Sure the coralline w be stressed but it will come back. The good part is no loss of critical bacteria, rock still works same filter
I would support any use of any grazer for this invasion, there's plenty to go around. It will be neat to see to cleaned live rock underneath in a few days!
we do show up to a 9 day delay depending on thickness of the invasion but eventually it turns loose. .. I'd keep up the water changes tho.
For upcoming areas it would speed up to use a brush or something to get the mass off the rocks first, so the peroxide has less to work on and will go directly towards the left over parts that make the regrowth.
This initial test was for the reception of the target in its strongest condition, as a colony, to prior comparison tanks. by all means hit the areas again if you have easy access
Looking better. It's true that the water measurements are not always the cause of over growth algae but also the visual control is helpful. Have you tried apple cider vinegar instead of the peroxide? The acv will bring the ph levels down and neutralize everything.
Maybe I will give that a try also. I pulled the rocks out of the bucket and pulled off some of the algae and hit the problem areas again with peroxide. Hopefully they will be clear in another day or two and I can start in on the next group of live rock.
Got my third rock in a bucket. Only three more to go after that, going to be tough. The last two rocks take up almost half the tank and have corals on them.
Here is the transition of the first rock through the Peroxide process.
Pre-trreatment
Few hours after first treatment.
Few days after treatment.
Little more time passes - starts to turn hot pink.
Two weeks later! Algae has turned white with hints of green.
and im so happy you followed up, i think about this little challenge every few days. rhodophyta cannot win
it merely delays then lays down like a wounded ground hog. Sure, one or a few w pop up again as ground hogs do, but they'll never be able to colonize like this again and we are not going to recycle your tank.

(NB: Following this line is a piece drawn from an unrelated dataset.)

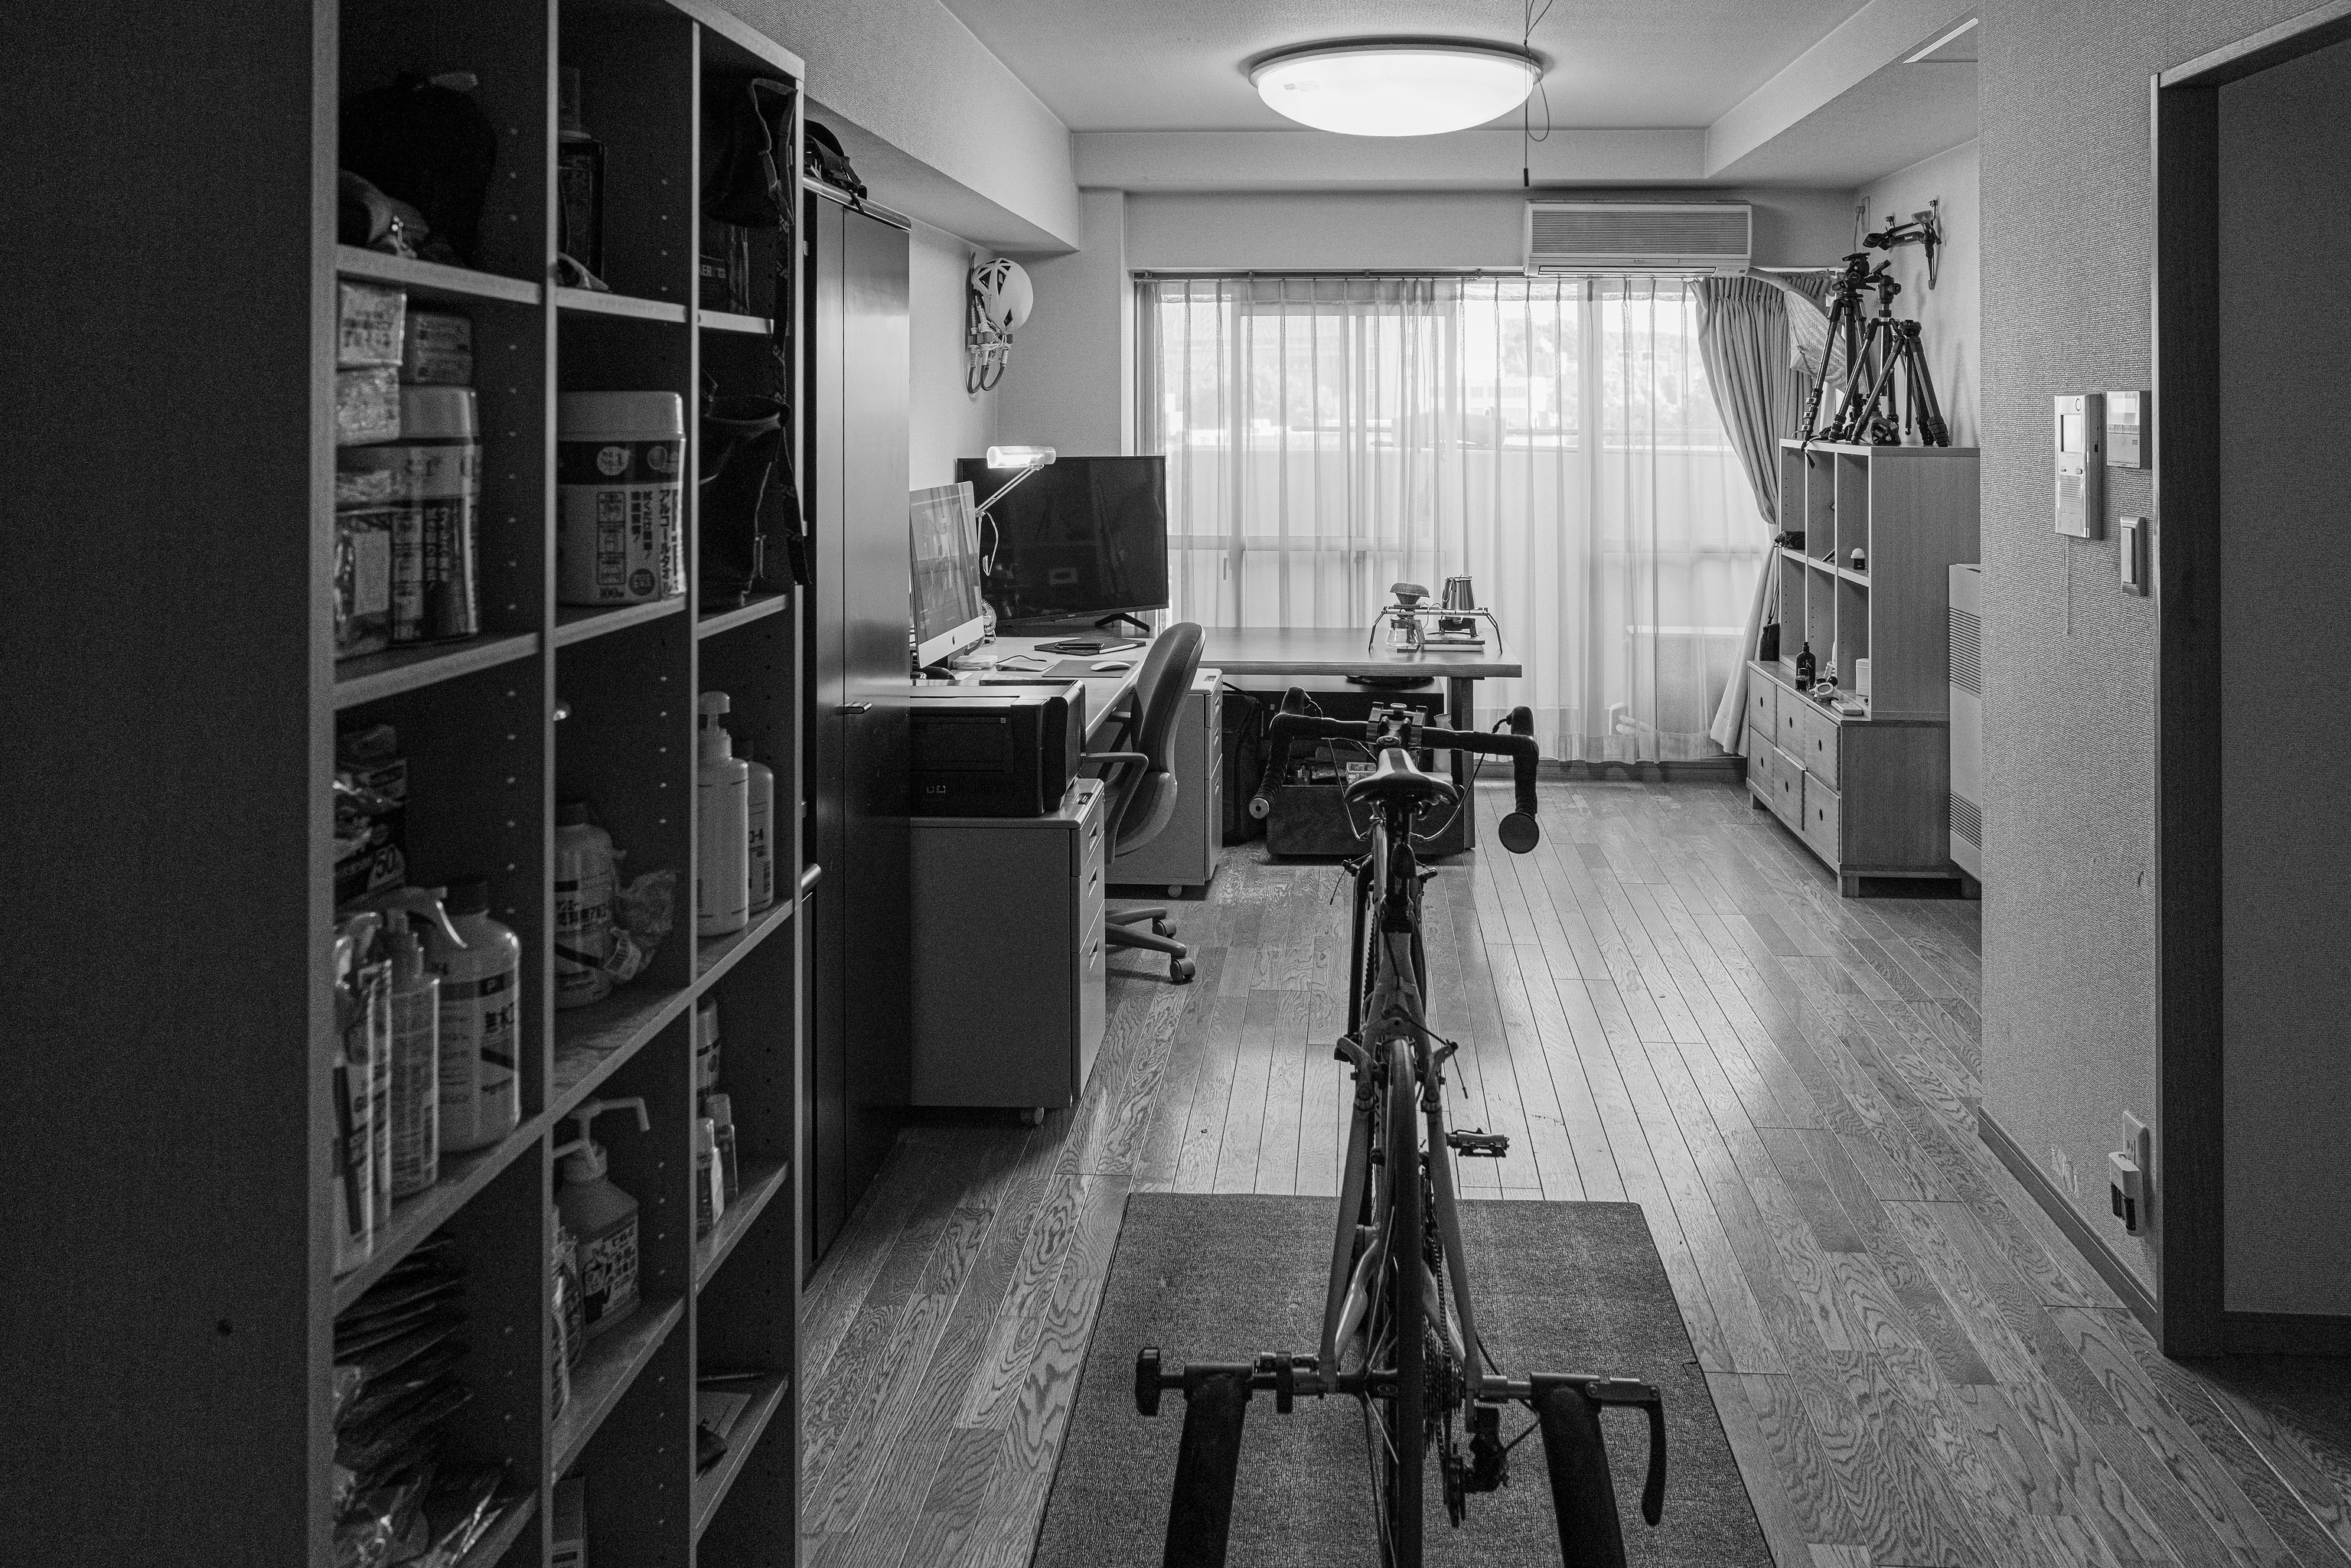 my room & my cyclocross

now we are back to open vital space. sans bad guy, we know some sprigs survived in a few places, they get dealt when needed, but this obligate hitchhiker dna is on the way out. takes time, is predictable.

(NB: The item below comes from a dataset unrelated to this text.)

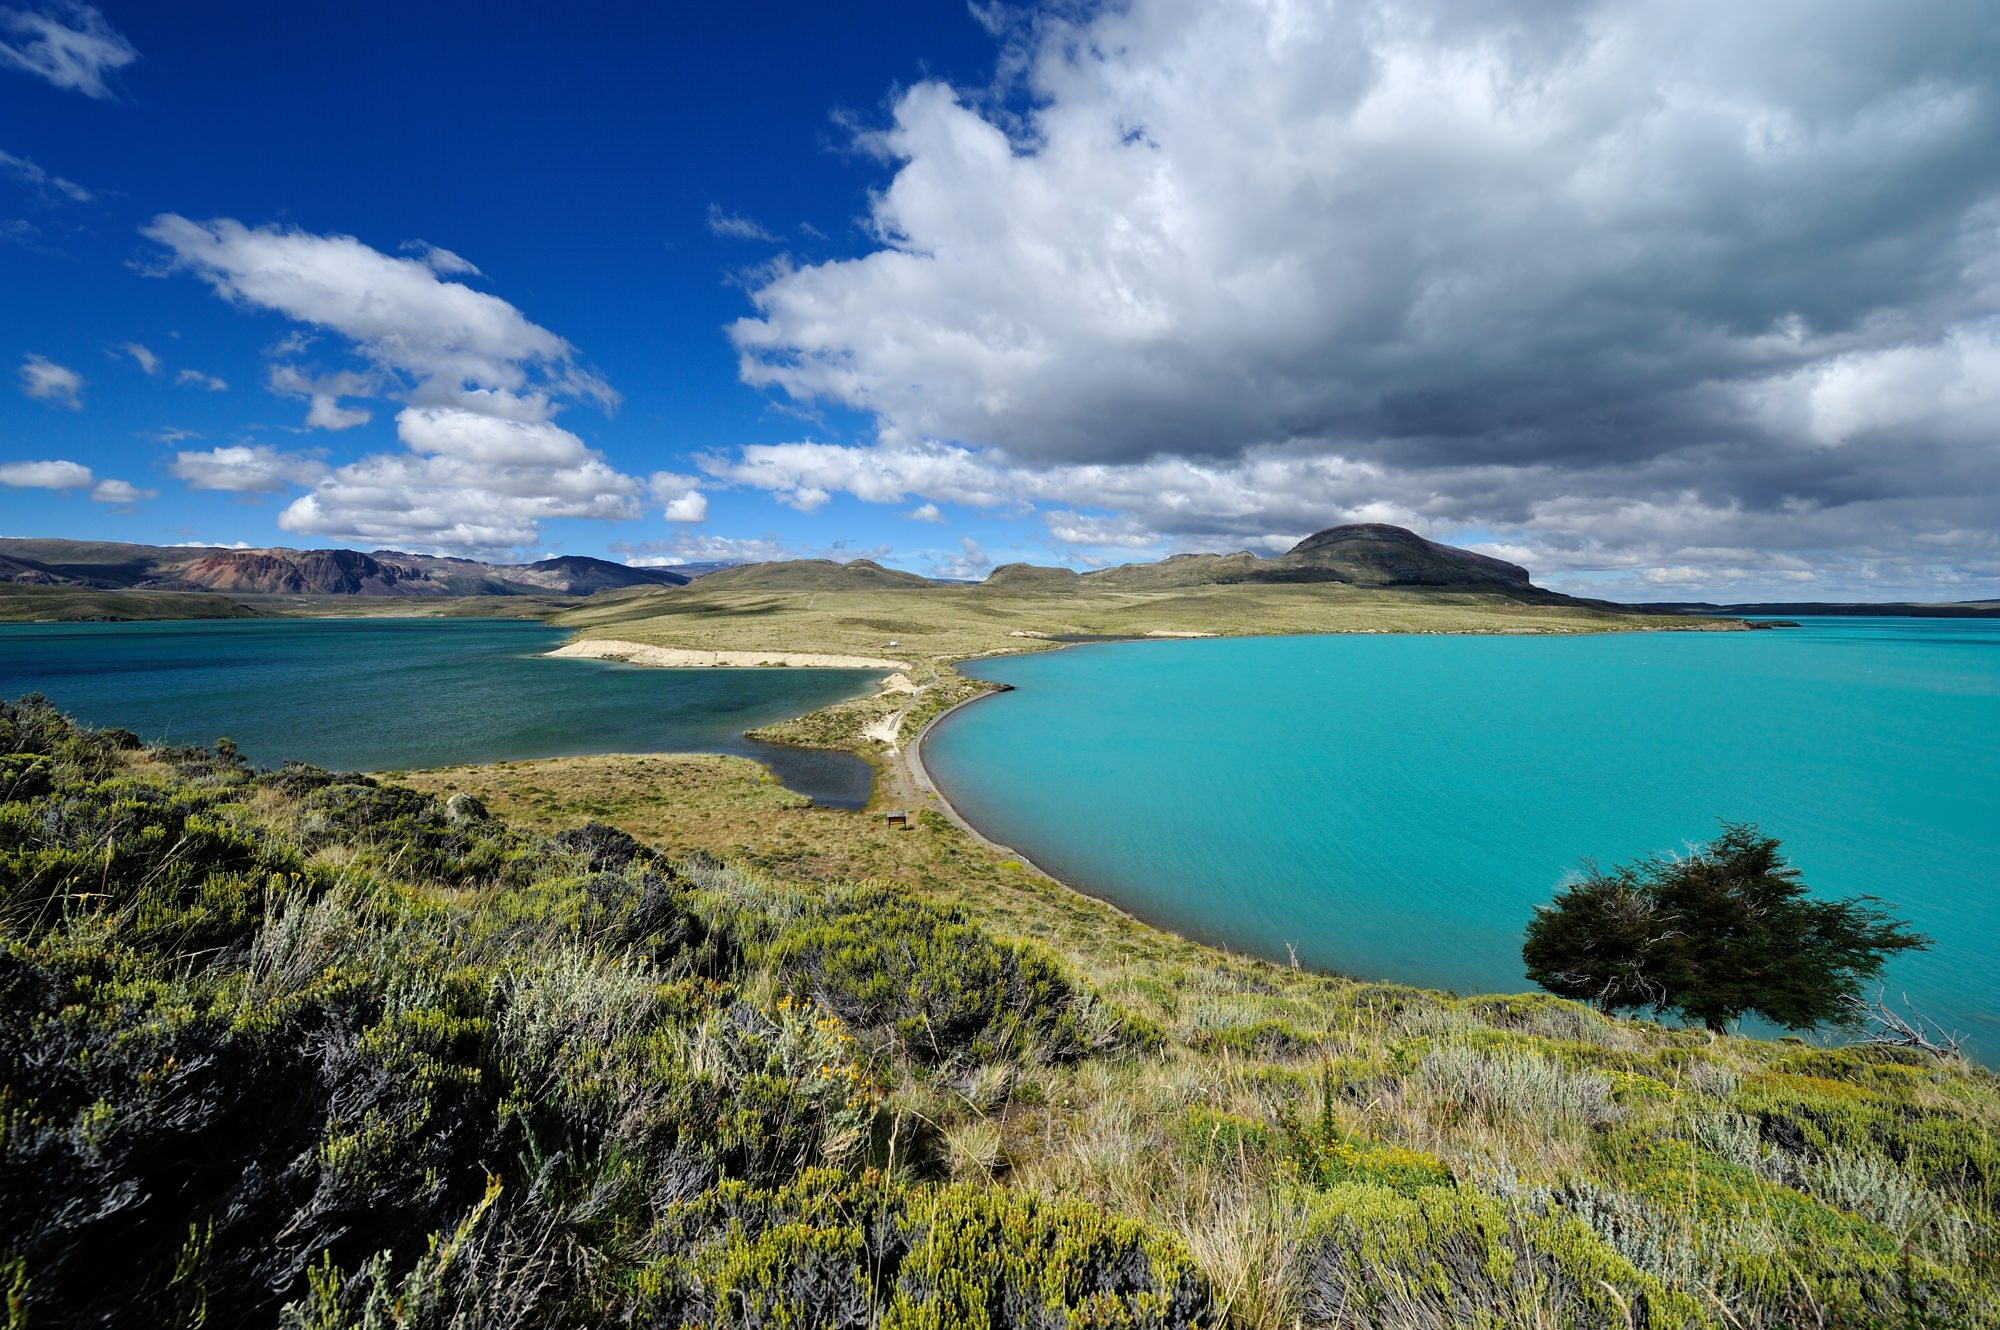 Patagonien - Granit und Eis

got bacteria in the recesses still a plenty, we are left now at this start fresh point.
but topically we have reflective, non purple surface...Open real estate in demand
we had to sizzle it free of invasion, and now we can either guide the benthic etablishment back to something like this, purple knurled knuckles of happy coralline and worms
or we can let it self guide through an ugly green algae phase, go gfo crazy, hoping permanently altering the po4 base will save it but still purposely leaving in the tank in case round one wasn't enough heh
Me personally, id opt out of that, straight kill any algae trying to take up my coral space, plant about two hundred bucks of acans, bout eighty bucks sps frags, and possibly some designer zoas in place so that I wasn't watching white rock get settled by algae first as typical, and then coralline as time and grazing allowed.
When, not if green algae comes, its because we just upwelled some nutrients and increased your photo intensity in a spot with zero vital space competition, if we'd have bullseyed it to help them locate it faster maybe they could be helped additionally.
The minor upcoming green algae still in no way implies a po4 issue, its guided cycling that's all. You just beat 90% of this hassle.